Она словно в первый раз увидела Селину, это тонкое личико, небольшую изящную голову, с волосами, такими пышными и мягкими, что их можно было завивать в локоны, закладывать узлом, взбивать высоко, смотря по тому, чего требовала мода. Ее скулы несколько выдавались, или, быть может, это казалось благодаря глубоко посаженным глазам, блестящим и темным, так мягко глядевшим из-под ресниц. Линия рта и подбородка была чистая, строгая, полная силы, такая, какая бывает у жен – покорителей Дикого Запада. Но Юлия не имела опыта физиономиста и не оценила этой особенности лица Селины. Селина считалась вполне обыкновенной и некрасивой девочкой, какой она на самом деле не была. Но глаз ее нельзя было не заметить и не запомнить. Люди, с которыми она разговаривала, имели обыкновение глубоко в них заглядывать. Селину часто поражало, что они как будто и не слышали того, что она им говорила. Быть может, из-за этой бархатной мягкости глаз не обращали на себя внимания твердые линии нижней части лица.
Прошло десять лет, принесших с собой много тяжелых испытаний, и Юлия неожиданно столкнулась с Селиной на Степной улице, где Селина продавала с тележки овощи. Перед Юлией стояла загорелая, измученная женщина. Пышные волосы небрежно свернуты на голове в узел и заколоты длинной серой шпилькой, ситцевое платье забрызгано грязью, на ногах сильно поношенные мужские башмаки, старая войлочная шляпа с помятыми полями (шляпа ее мужа), в руках пучки моркови, гороха, редиски, свеклы. Женщина со скверными зубами, впалой грудью, с оттопыренными карманами на широкой юбке. Но эту женщину Юлия узнала по глазам, которые остались такими же прекрасными. И Юлия в своем шелковом туалете и шляпе с пером бросилась к ней, крича: «О Селина! Дорогая! Дорогая моя!» И в этом крике были и сострадание и ужас: он был похож на рыдание. Селина со всем ворохом овощей очутилась у нее в объятиях. Все посыпалось на тротуар перед большим каменным домом, у которого они встретились. То был дом на Прери-авеню, дом Юлии Арнольд, урожденной Гемпель.
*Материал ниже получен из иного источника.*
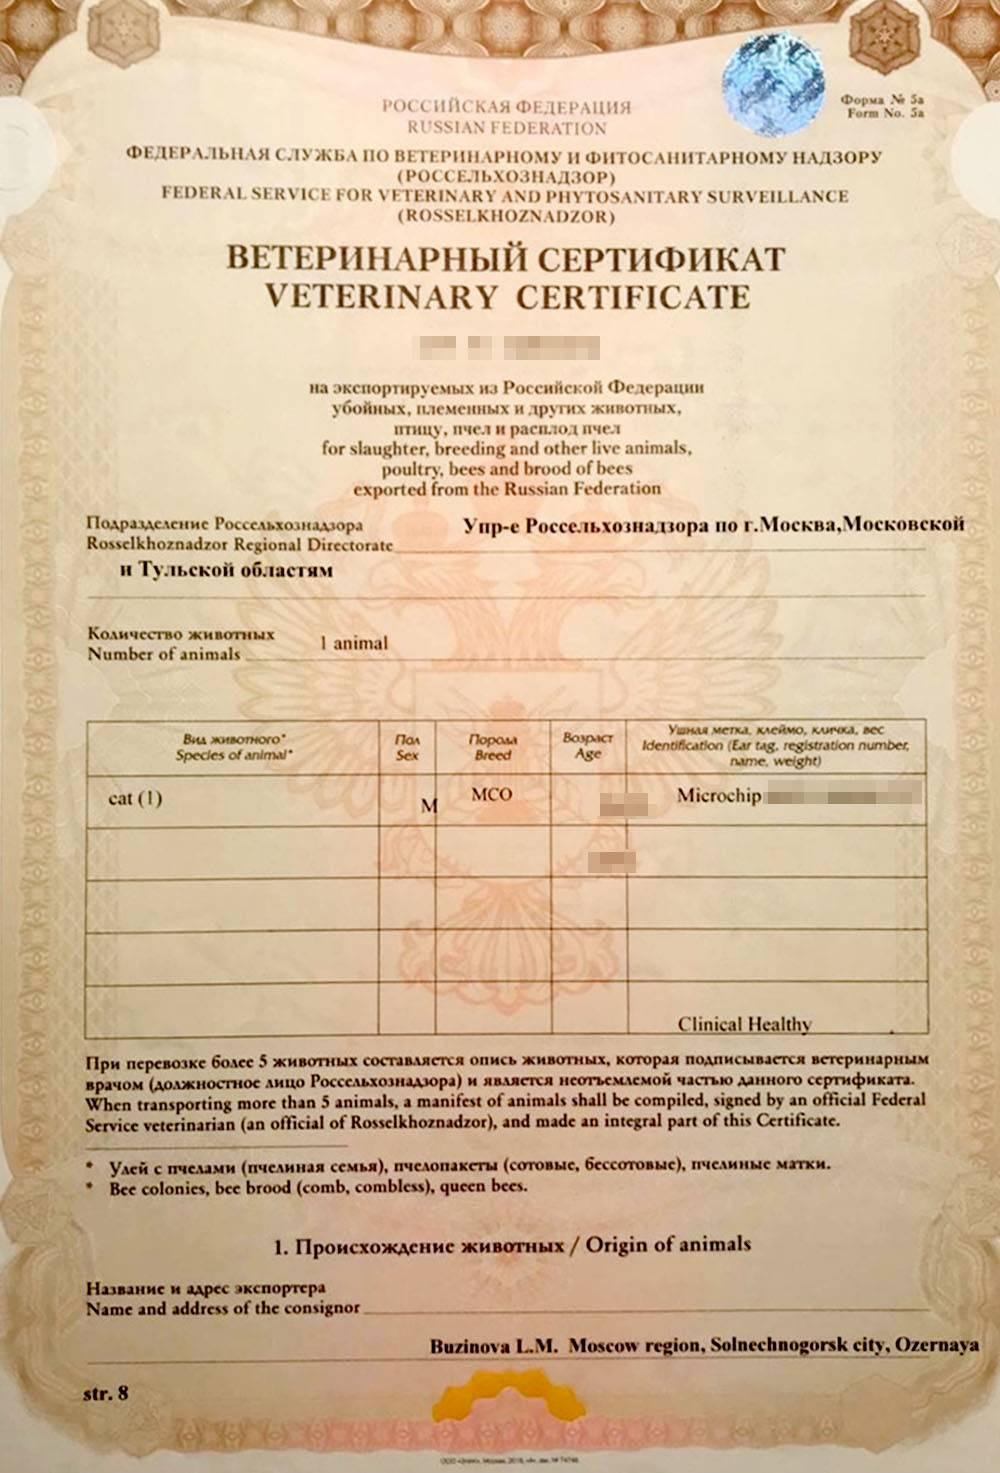 Сертификат моего кота, который куратор получил в аэропорту в обмен на записи о чипировании и прививках животного

И любопытно, что утешать и успокаивать пришлось Селине. Она гладила обтянутое шелком плечо всхлипывавшей Юлии, приговаривая:
– Ну, ну. Все хорошо, Жюли. Все в порядке. Не надо плакать. О чем тут плакать? Тише, успокойся. Все хорошо…
Вернемся однако к нашему рассказу.
Глава вторая
Селина была счастлива; она получила место учительницы в голландской школе в Ай-Прери, в десяти милях от Чикаго. Тридцать долларов в месяц! Жить ей предстояло у Клааса Пуля, на ферме. Все это устроил Огаст Гемпель после настойчивых просьб Юлии. В сорок пять лет Огаст Гемпель, мясник с Кларк-стрит, знал всех фермеров и скотоводов округи – и устроить Селину Пик учительницей в голландскую школу не составляло для него труда. В школе Ай-Прери до того времени всегда были учителя, а не учительницы. Предшественник Селины оставил школу, получив лучшее место. Был сентябрь, а школа в Ай-Прери не открывалась ранее ноября. В этом фермерском районе все мальчики и девочки старше шести лет помогали в поле всю осень до первой недели ноября, так как работы было невпроворот.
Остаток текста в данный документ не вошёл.